Dr Paul W Satchell, managing director of ING Wholesale Banking's equity research chemicals division, outlined the cost to producers using benzene feedstock in a paper entitled "Aromatics and the markets - not a marriage made in heaven!" at the 6th European Aromatics & Derivatives Conference.
"Commodity chemicals have traditionally made fund managers nervous," Satchell said in his opening address, adding that "investors approach [them] with something close to fear."
Satchell said market volatility was a key risk factor in evaluating companies' shares. Aromatics, benzene in particular, he continued, are known within the financial community for their volatile nature.
Both companies, Satchell showed, had outperformed both financial benchmarks used by analysts to assess the investment value of chemical companies and the European chemicals market seen as a whole.
Yet where these success stories had been noted other, contrary, results had been seen corresponding to the uncertainty which distracted investor interest from companies using aromatics.
GE decided to divest its plastics division in 2006 after a run of difficulty, Satchell said, quoting GE chief financial officer Keith Sherrin: "The biggest thing that we have been wrestling with, and I know you're sick of hearing it, is benzene."

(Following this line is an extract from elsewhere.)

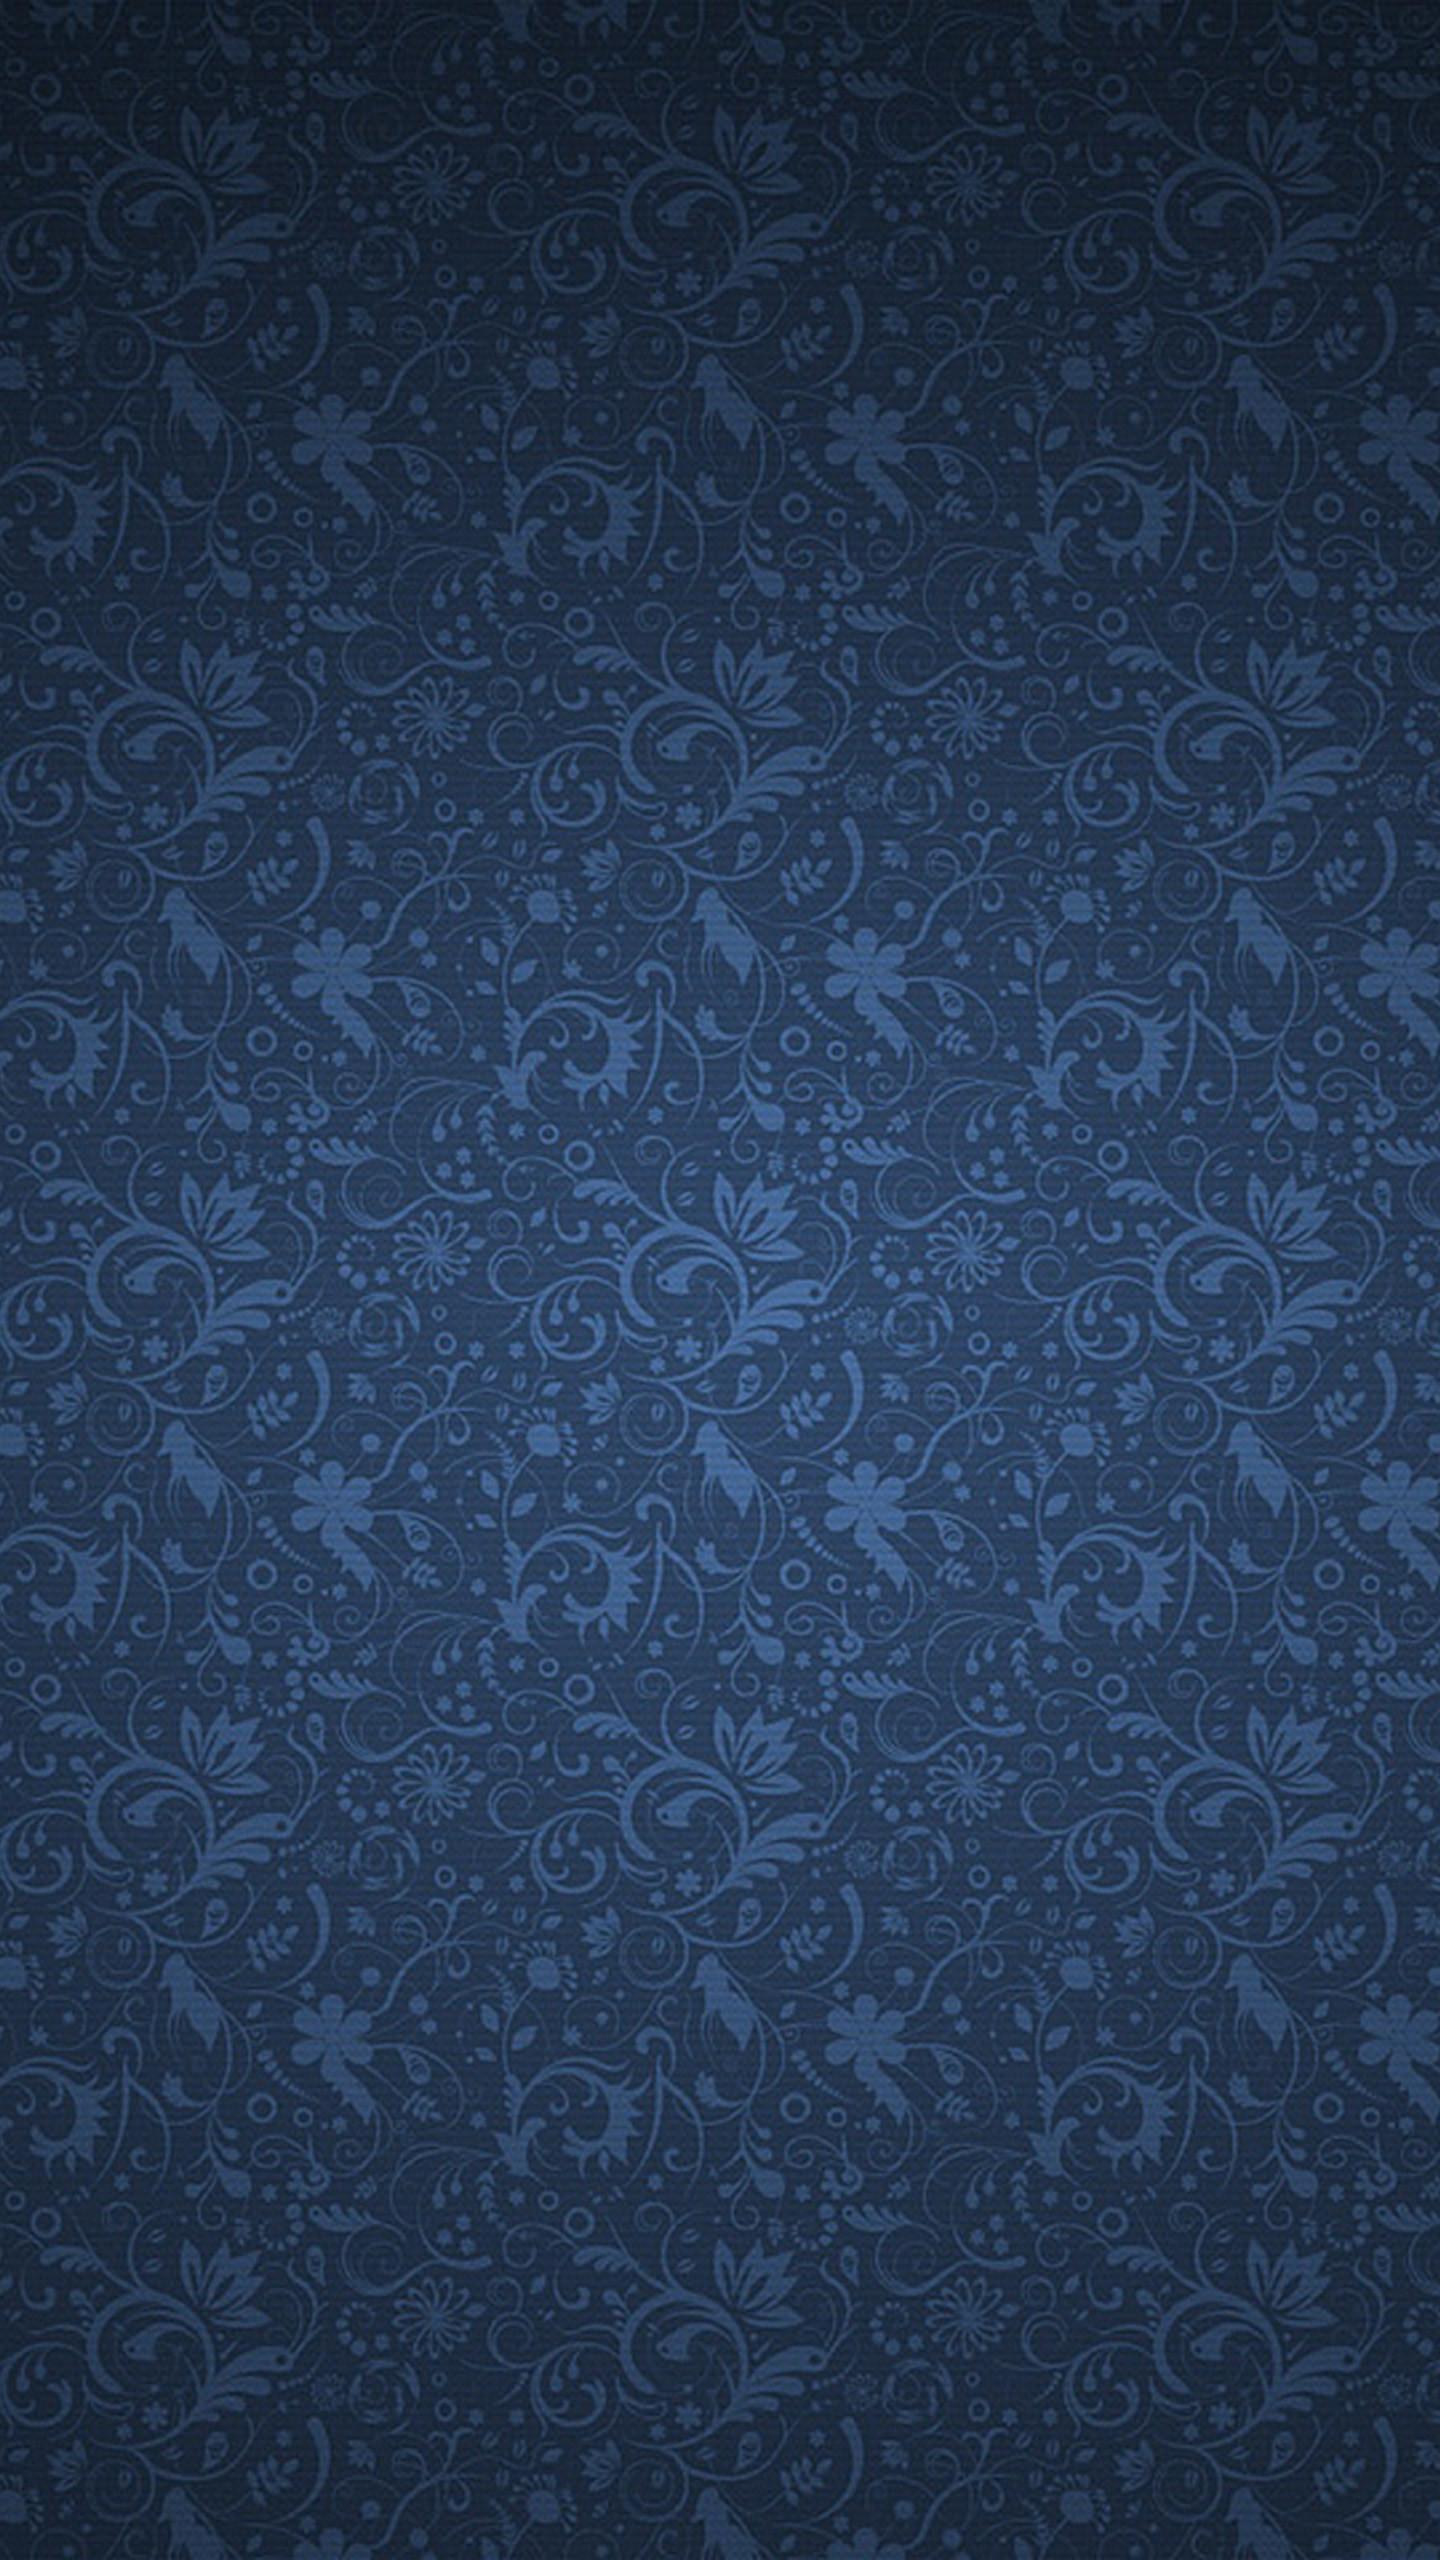 Blue Floral Pattern Wallpaper
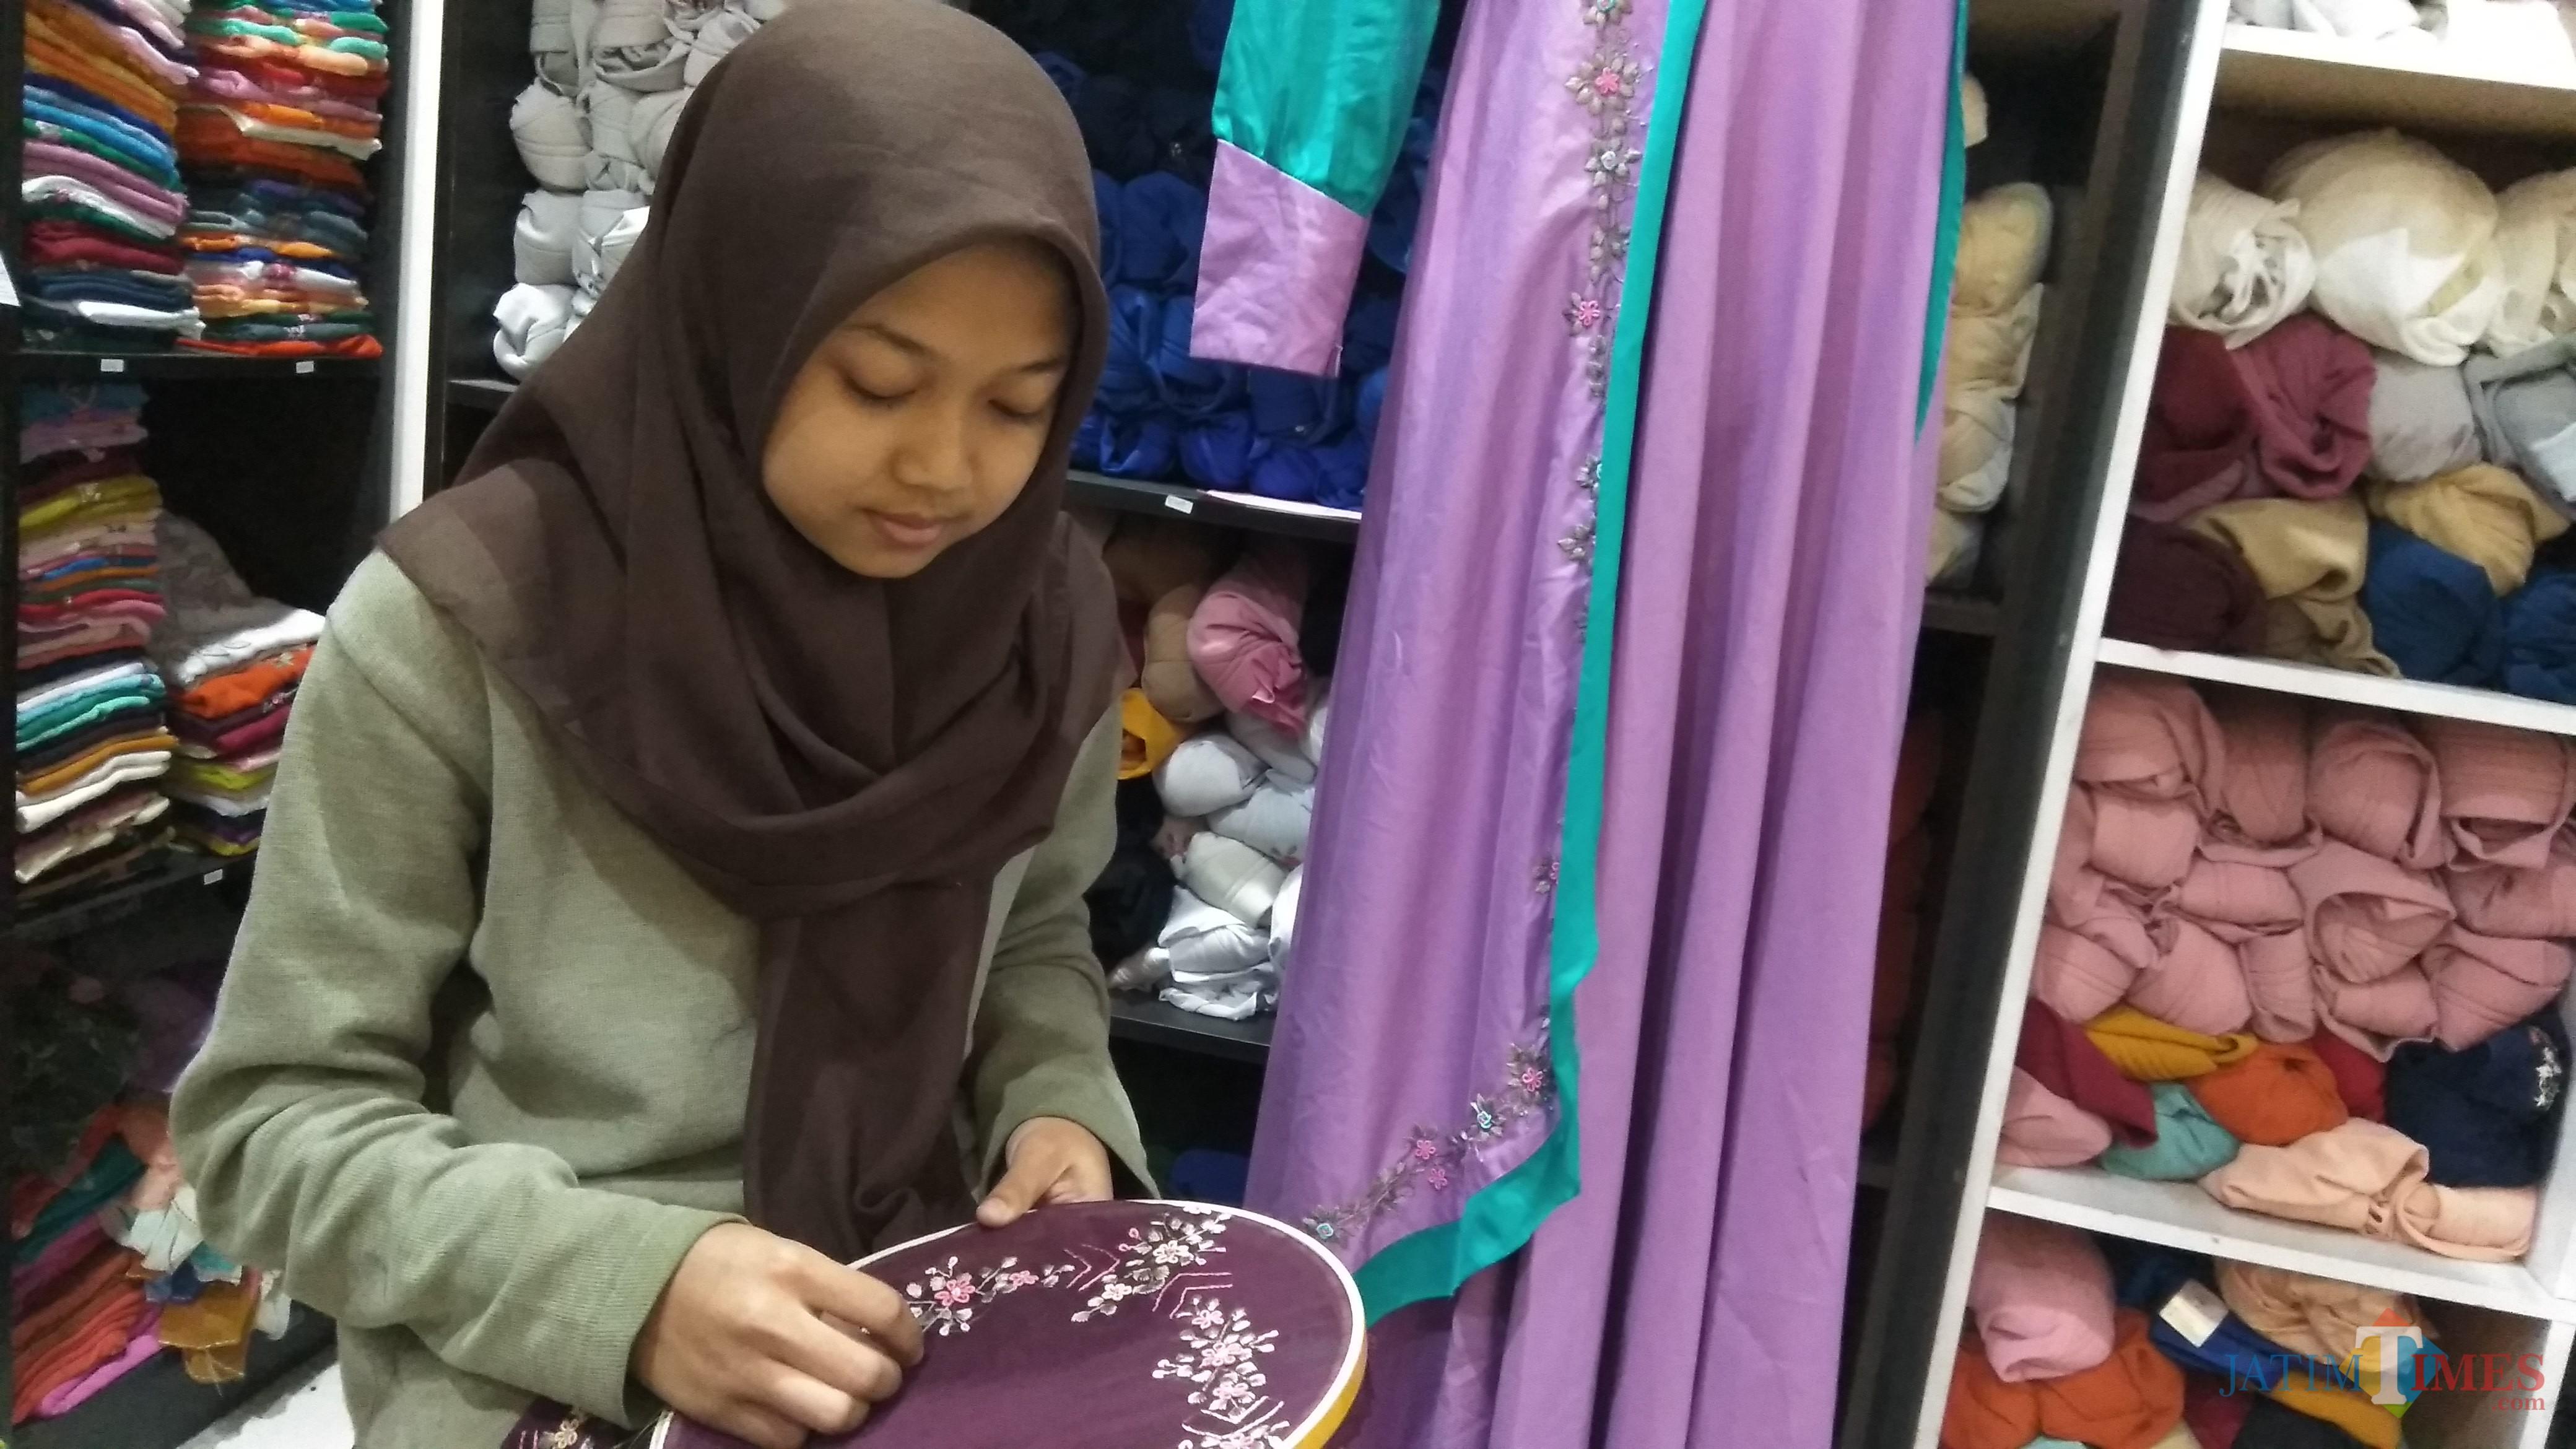 Perajin tengah menyulam hiasan di kerudung di rumah fashion Almira Handmade, Kota Malang. (Foto: Nurlayla Ratri/MalangTIMES)

The options for companies in markets which made use of aromatics were limited, Satchell said. They could either take the verbund (integration) approach used by BASF in recent years, or divest themselves of "problem child" businesses, as had GE.
Another option would be to add new elements to the company's portfolio which were either less cyclical, or counter-cyclical to those which saw a company underperform.
This, however, was seen as an unproven strategy by the financial markets, Satchell said.
Satchell also reminded conference delegates that a company would always be judged on the basis of its poorest-performing business unit, not its best.
"The way people deal with volatility is to have a paper market," Satchell said on the sidelines of the conference.
"There isn't one in the benzene market. This is needed to allow for hedging. You need to be able to offset to allow for hedging. You need to be able to offset risk."
"Scale without integration is not a solution. Having verbund alone doesn't work either," Satchell said, adding that major companies currently hoping to be re-evaluated as healthcare or life sciences would continue to face difficulties as long as they dealt in volatile products such as benzene.